Cerner 8-K 2012
SECURITIES AND EXCHANGE COMMISSION
WASHINGTON, DC 20549
Pursuant to Section 13 or 15(d) of the Securities Exchange Act of 1934
Date of report (Date of earliest event reported): May 18, 2012
Check the appropriate box below if the Form 8-K filing is intended to simultaneously satisfy the filing obligation of the registrant under any of the following provisions (see General Instruction A.2. below):
Item 5.07 Submission of Matters to a Vote of Security Holders.

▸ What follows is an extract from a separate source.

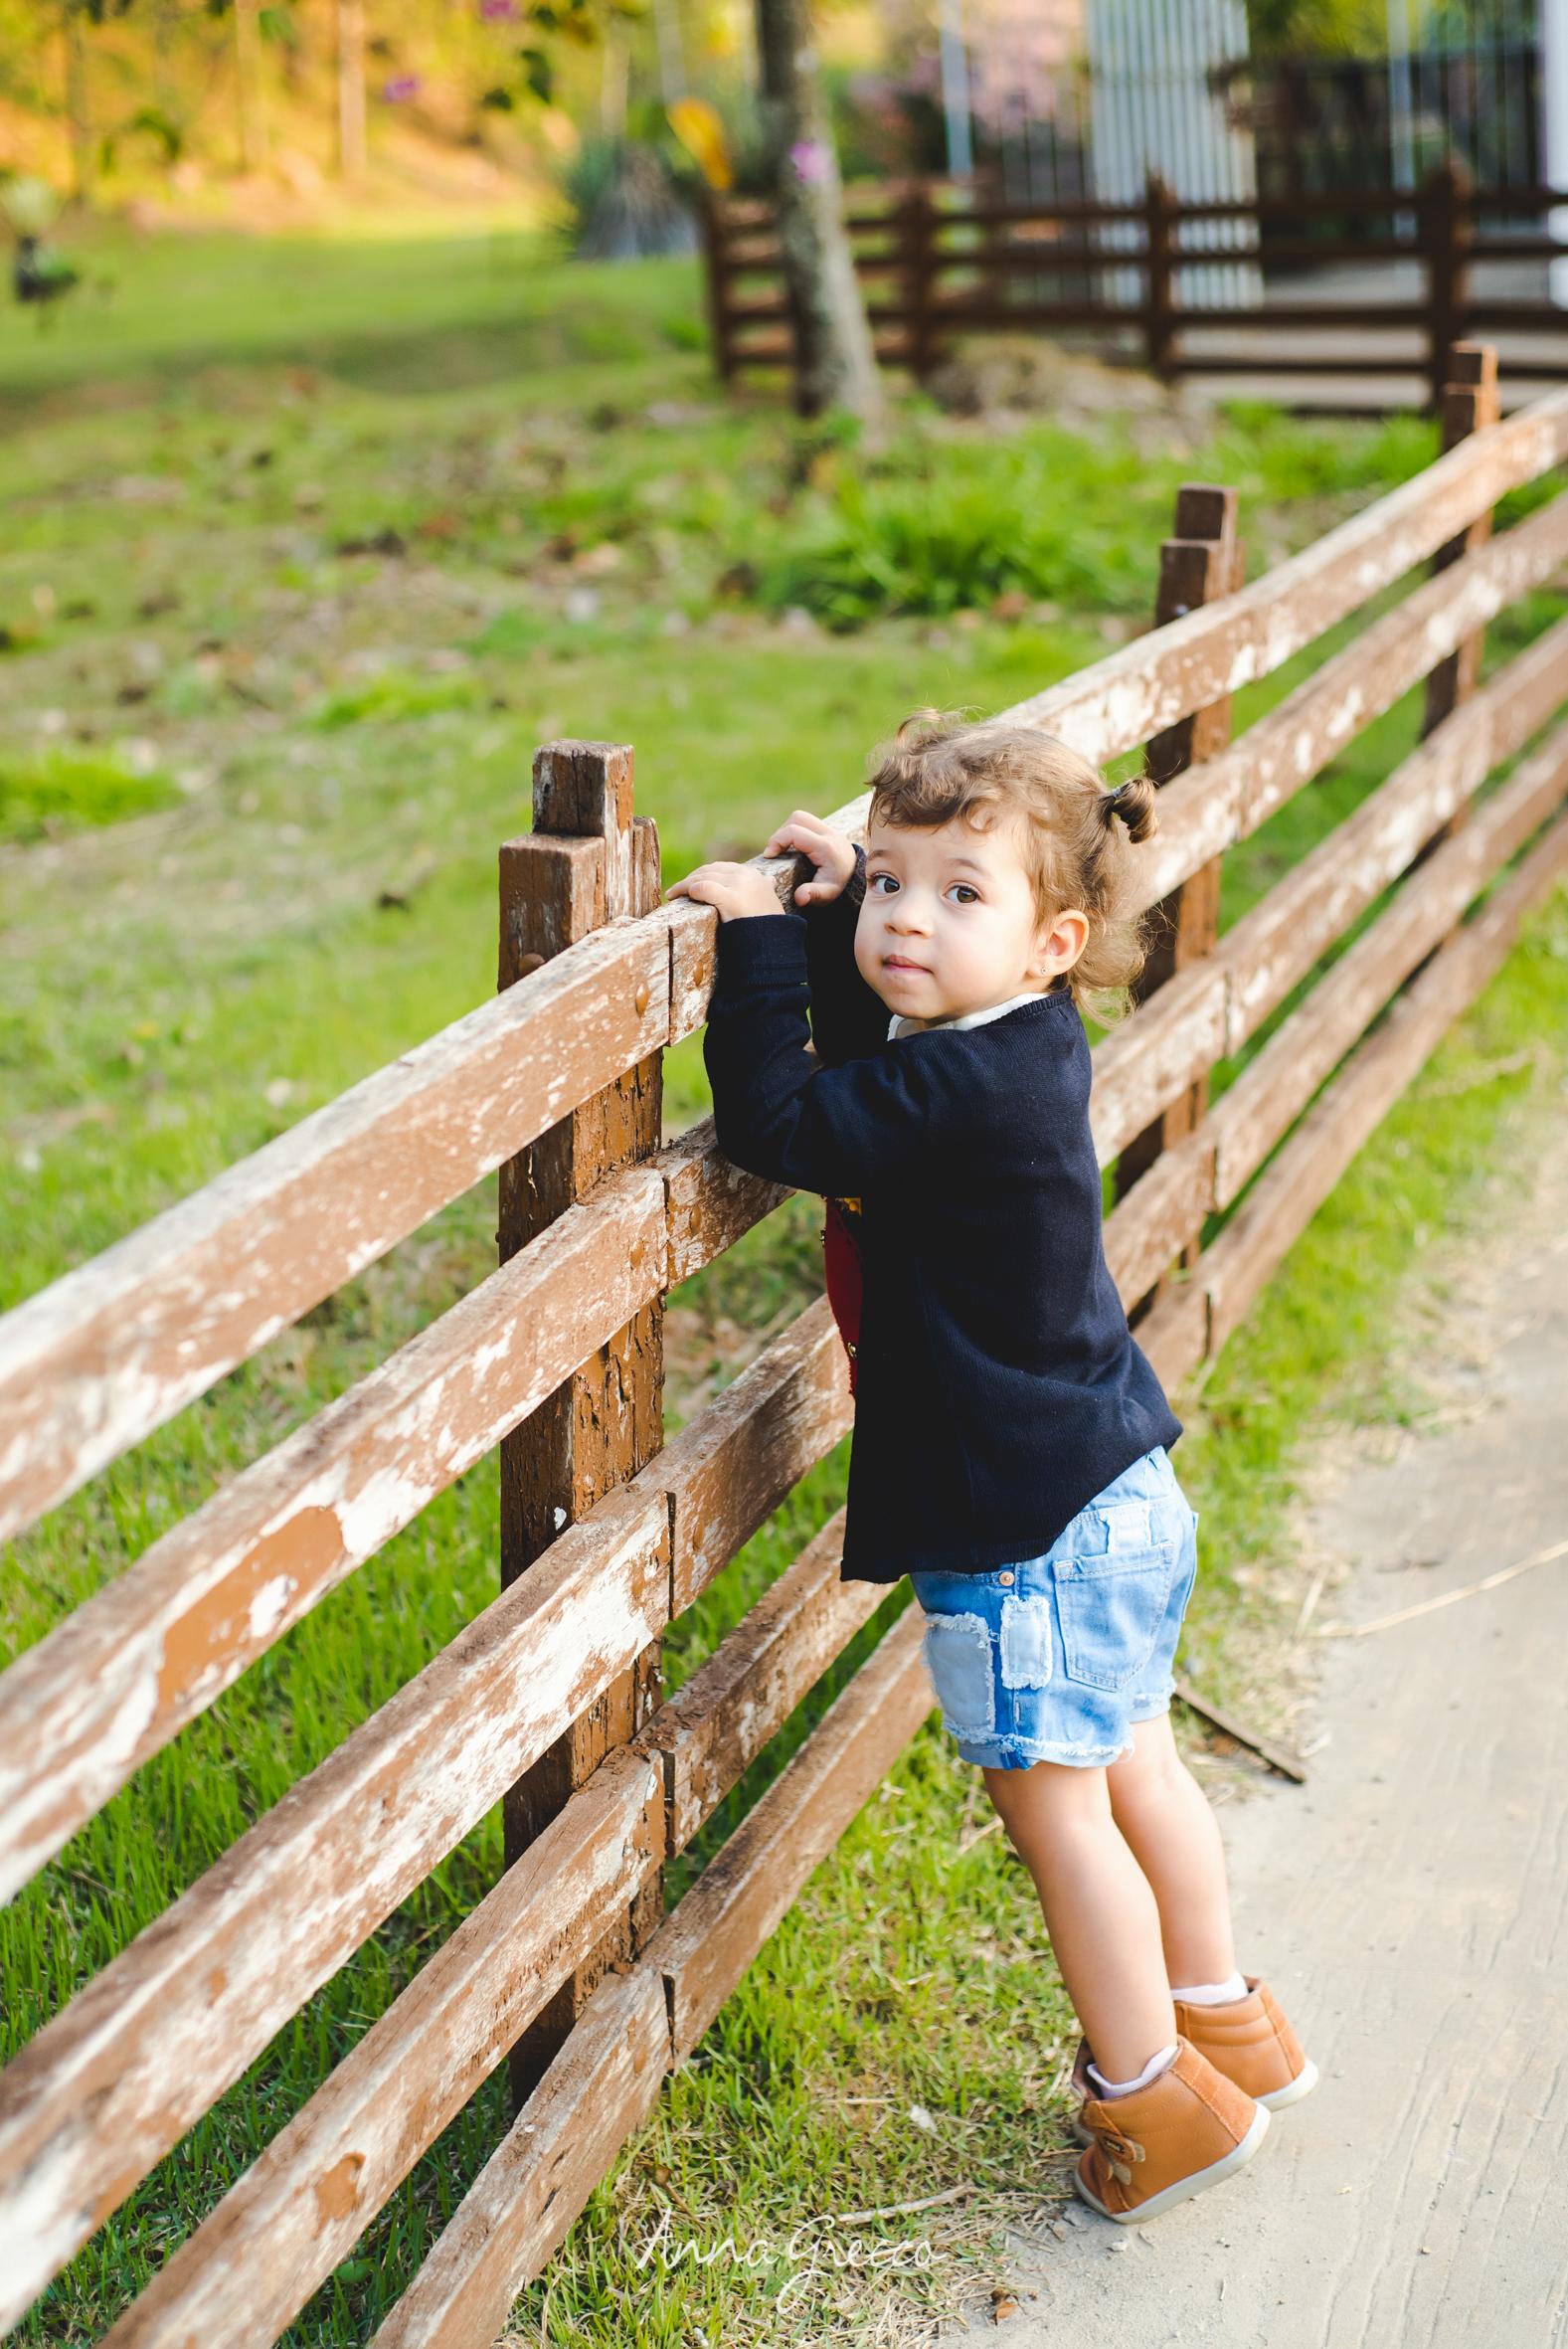 www.annagrecco.com.br Anna Grecco fotografa de familias, bebes, gestante e newborn - Estudio em Campinas - Hopi Hari

Cerner Corporation (“Cerner”) held its Annual Shareholders’ Meeting on May 18, 2012. The shareholders considered and voted on the four proposals submitted for shareholder vote, each of which is described in detail in Cerner’s 2012 Proxy Statement. The following is a brief description of the matters that were voted on at the Annual Shareholders’ Meeting and the final results of such voting:
Proposal No. 1 - The election of two Class II Directors, Clifford W. Illig and William B. Neaves, Ph.D., each to serve for a three year term.

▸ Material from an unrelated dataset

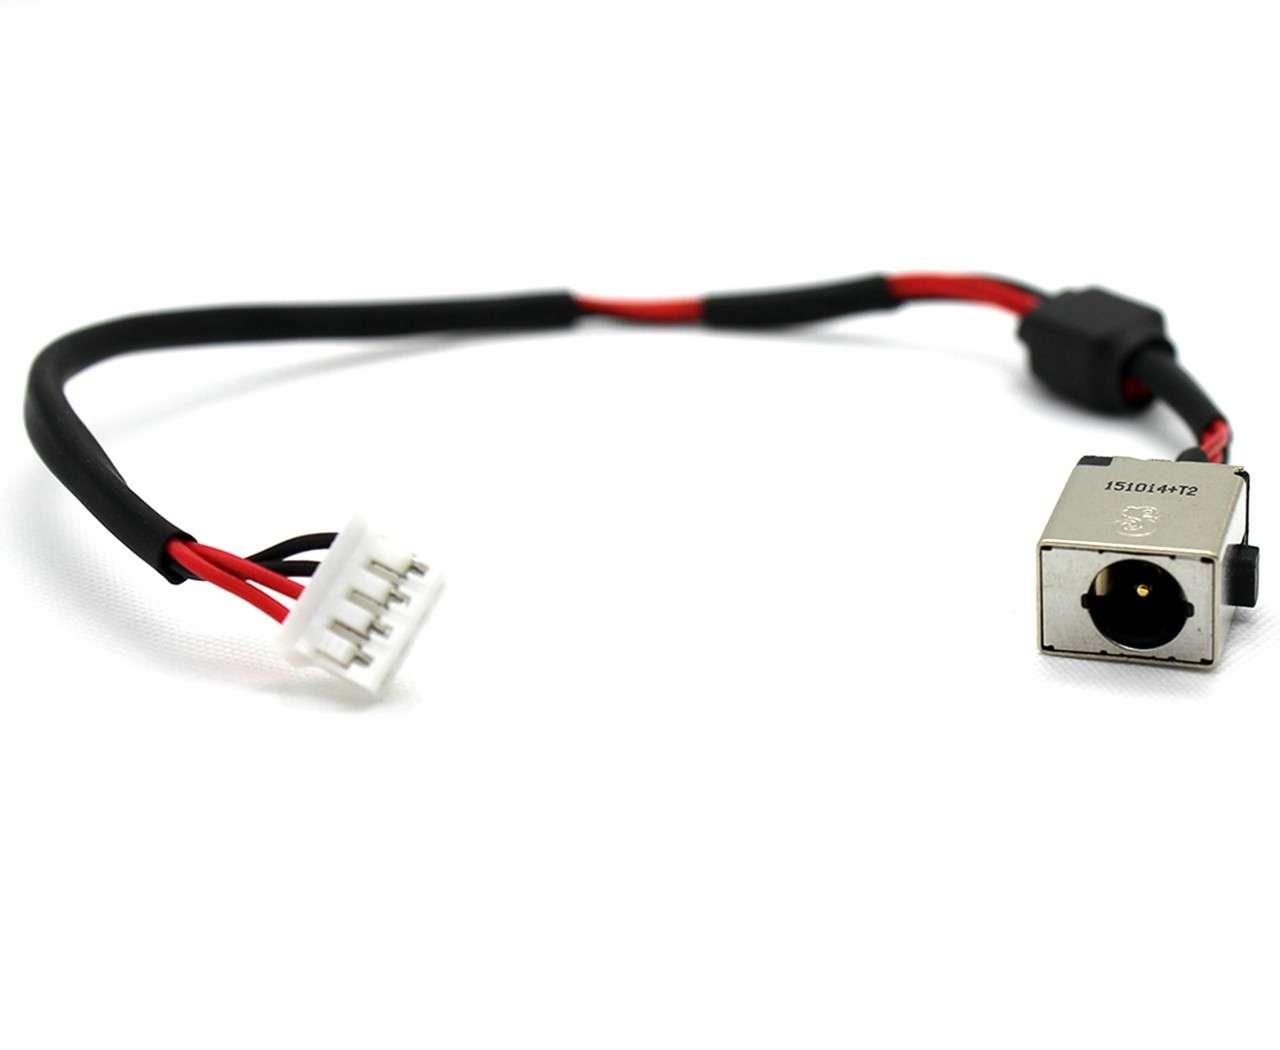 Mufa alimentare laptop Acer Aspire E5-521 cu fir imagine powerlaptop.ro 2021

Final Results: Clifford W. Illig and William B. Neaves, Ph.D. have been elected as Class II Directors.
Proposal No. 2 - The ratification of the appointment of KPMG LLP as the independent registered public accounting firm of Cerner for 2012.
Final Results: The shareholders ratified the appointment of KPMG LLP as Cerner’s independent registered public accounting firm for 2012.
There were no broker non-votes with respect to this proposal.
Proposal No. 3 – An advisory vote to approve the compensation of Cerner’s Named Executive Officers.
Final Results: The shareholders approved, on an advisory basis, the compensation of Cerner’s Named Executive Officers.
Proposal No. 4 – Consideration of a shareholder proposal urging the Board of Directors to take action to repeal Cerner’s classified Board of Directors structure.
Final Results: The shareholders have voted in favor of the shareholder proposal urging the Board of Directors to take action to repeal Cerner’s classified Board of Directors structure.
Pursuant to the requirements of the Securities Exchange Act of 1934, the registrant has duly caused this report to be signed on its behalf by the undersigned hereunto duly authorized.